Am 1.8.1966 begann ich meine Ausbildung, 1969 mein berufsbegleitendes Studium im Öffentlichen Recht und Steuerrecht.

Seit dem 1.8.1971 bin ich selbständig und als Spezialist für vermeintlich unlösbare Probleme von Unternehmern tätig.

Im Oktober 1977 bin ich nach Griechenland umgezogen und habe von dort aus mit einer Reiseschreibmaschine und einem Bakelit-Telefon gearbeitet. Alle paar Monate fuhr oder flog ich zu meinen Mandanten nach Deutschland. Griechenland interessierte sich damals nicht für Steuern.

Bis 2008 habe ich mit Unterbrechungen die meiste Zeit in Griechenland verbracht. Von 1995 bis 2000 hatte ich meinen steuerlichen Wohnsitz in Belgien und seit 2001 in Paraguay.

Von 2000 bis 2011 hatte ich einen weiteren steuerfreien Wohnsitz auf Mallorca. Seit 2011 lebe ich das ganze Jahr über nur noch in Paraguay.

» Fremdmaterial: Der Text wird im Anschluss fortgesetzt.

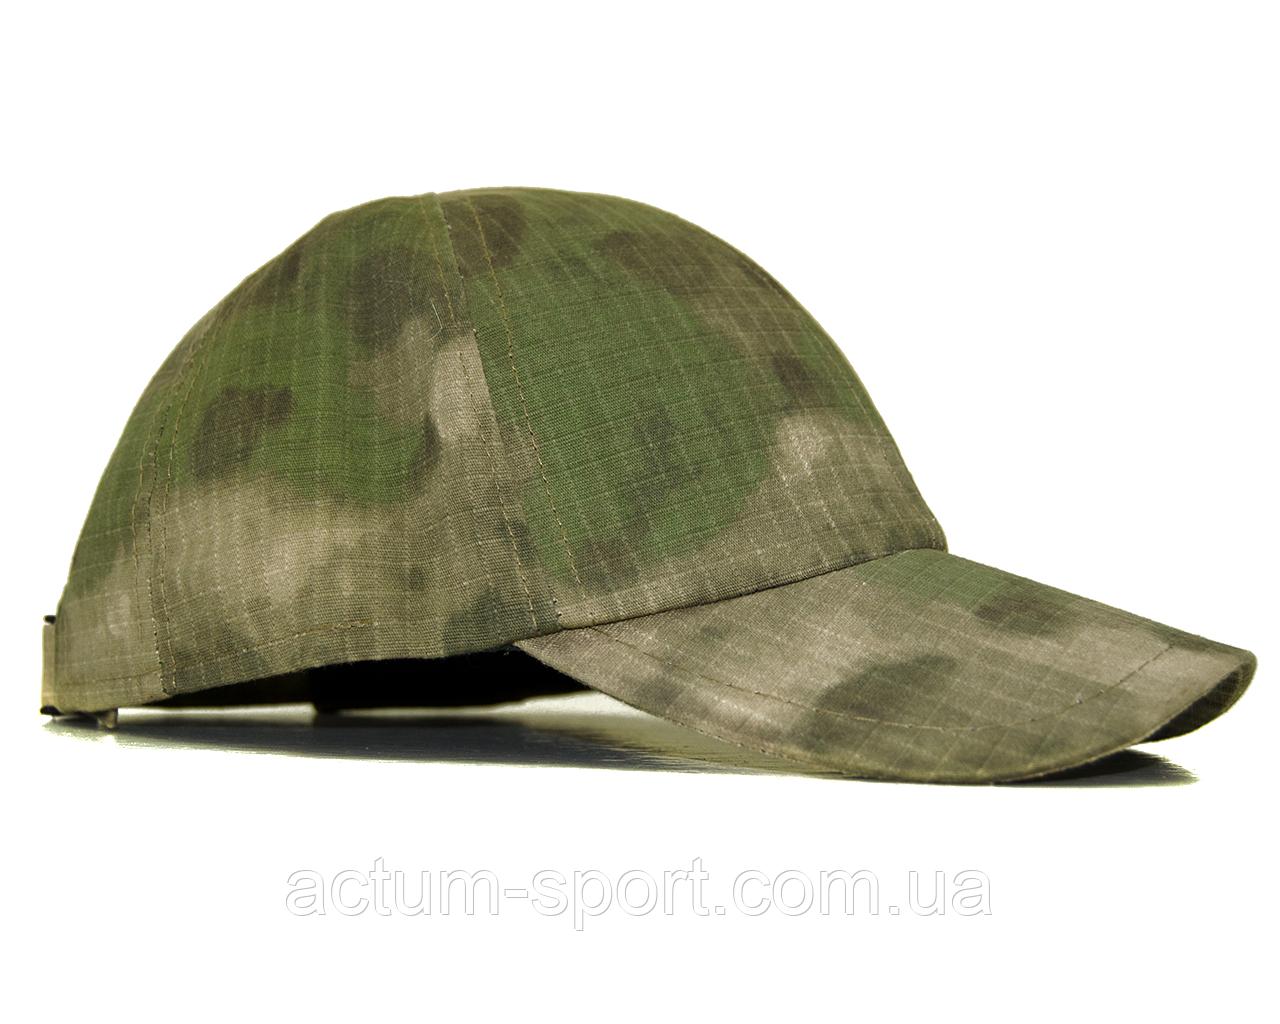 Бейсболка - кепка тактическая A-TACS FG S/M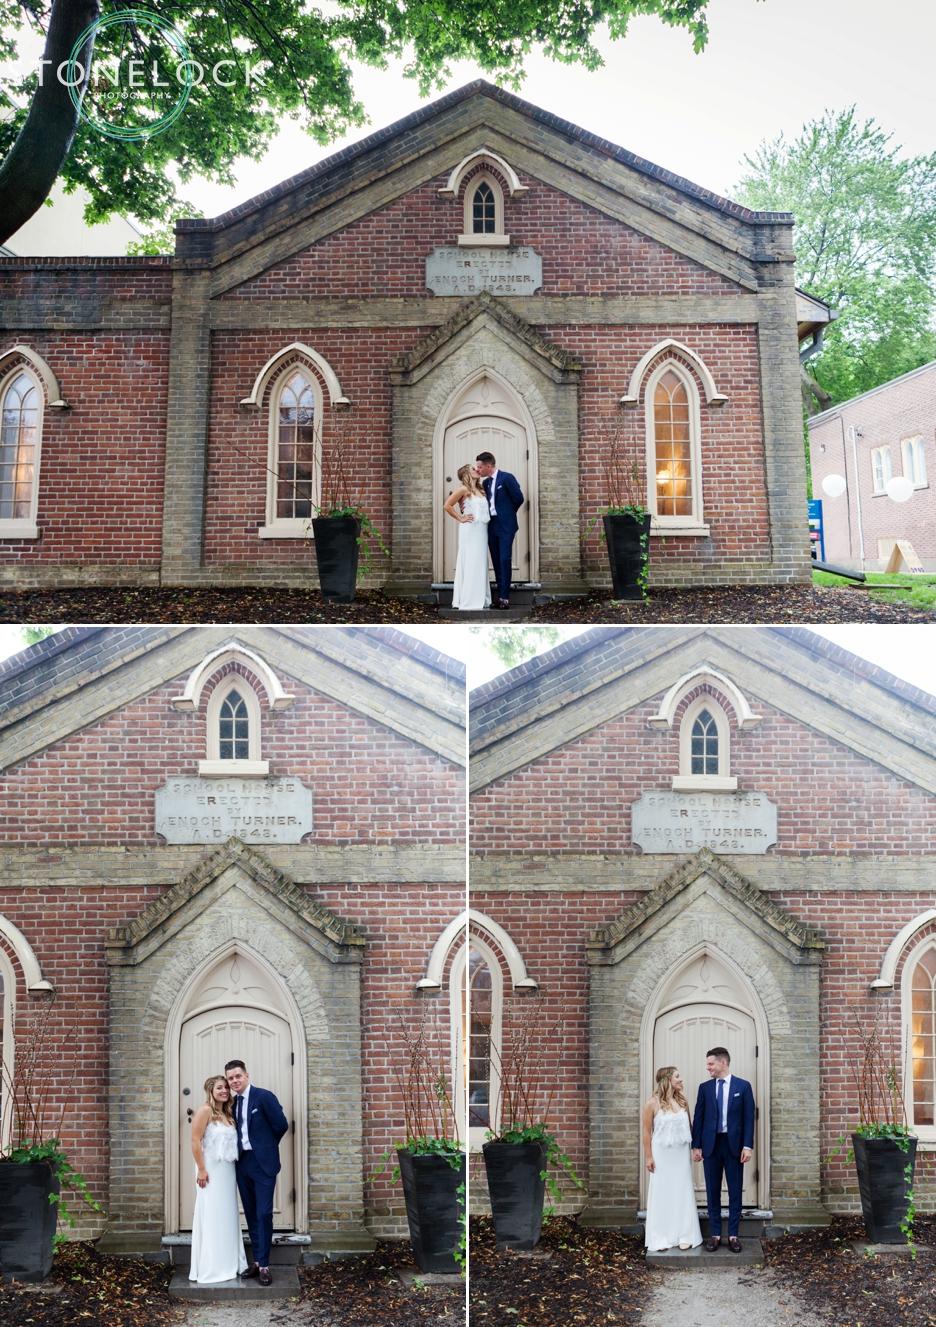 Enoch Turner School, Toronto, Canada, Wedding Photography, bride and groom

Mein eigenes Haus habe ich erst mit 62 Jahren gebaut, als ich es bar bezahlen konnte. Hätte ich es früher gebaut, wäre das nur mit einer Bankfinanzierung möglich gewesen. Dann wäre ich an einen Ort gebunden gewesen und hätte mich einschränken müssen. Das wollte ich nicht.

Mein Leben lang habe ich das Angenehme mit dem Nützlichen verbunden. Seit 2014 war ich nicht mehr in Europa. Viele meiner Kunden kommen nach Paraguay, um sich von mir unter vier Augen beraten zu lassen, etwa 200 Investoren und Unternehmer pro Jahr.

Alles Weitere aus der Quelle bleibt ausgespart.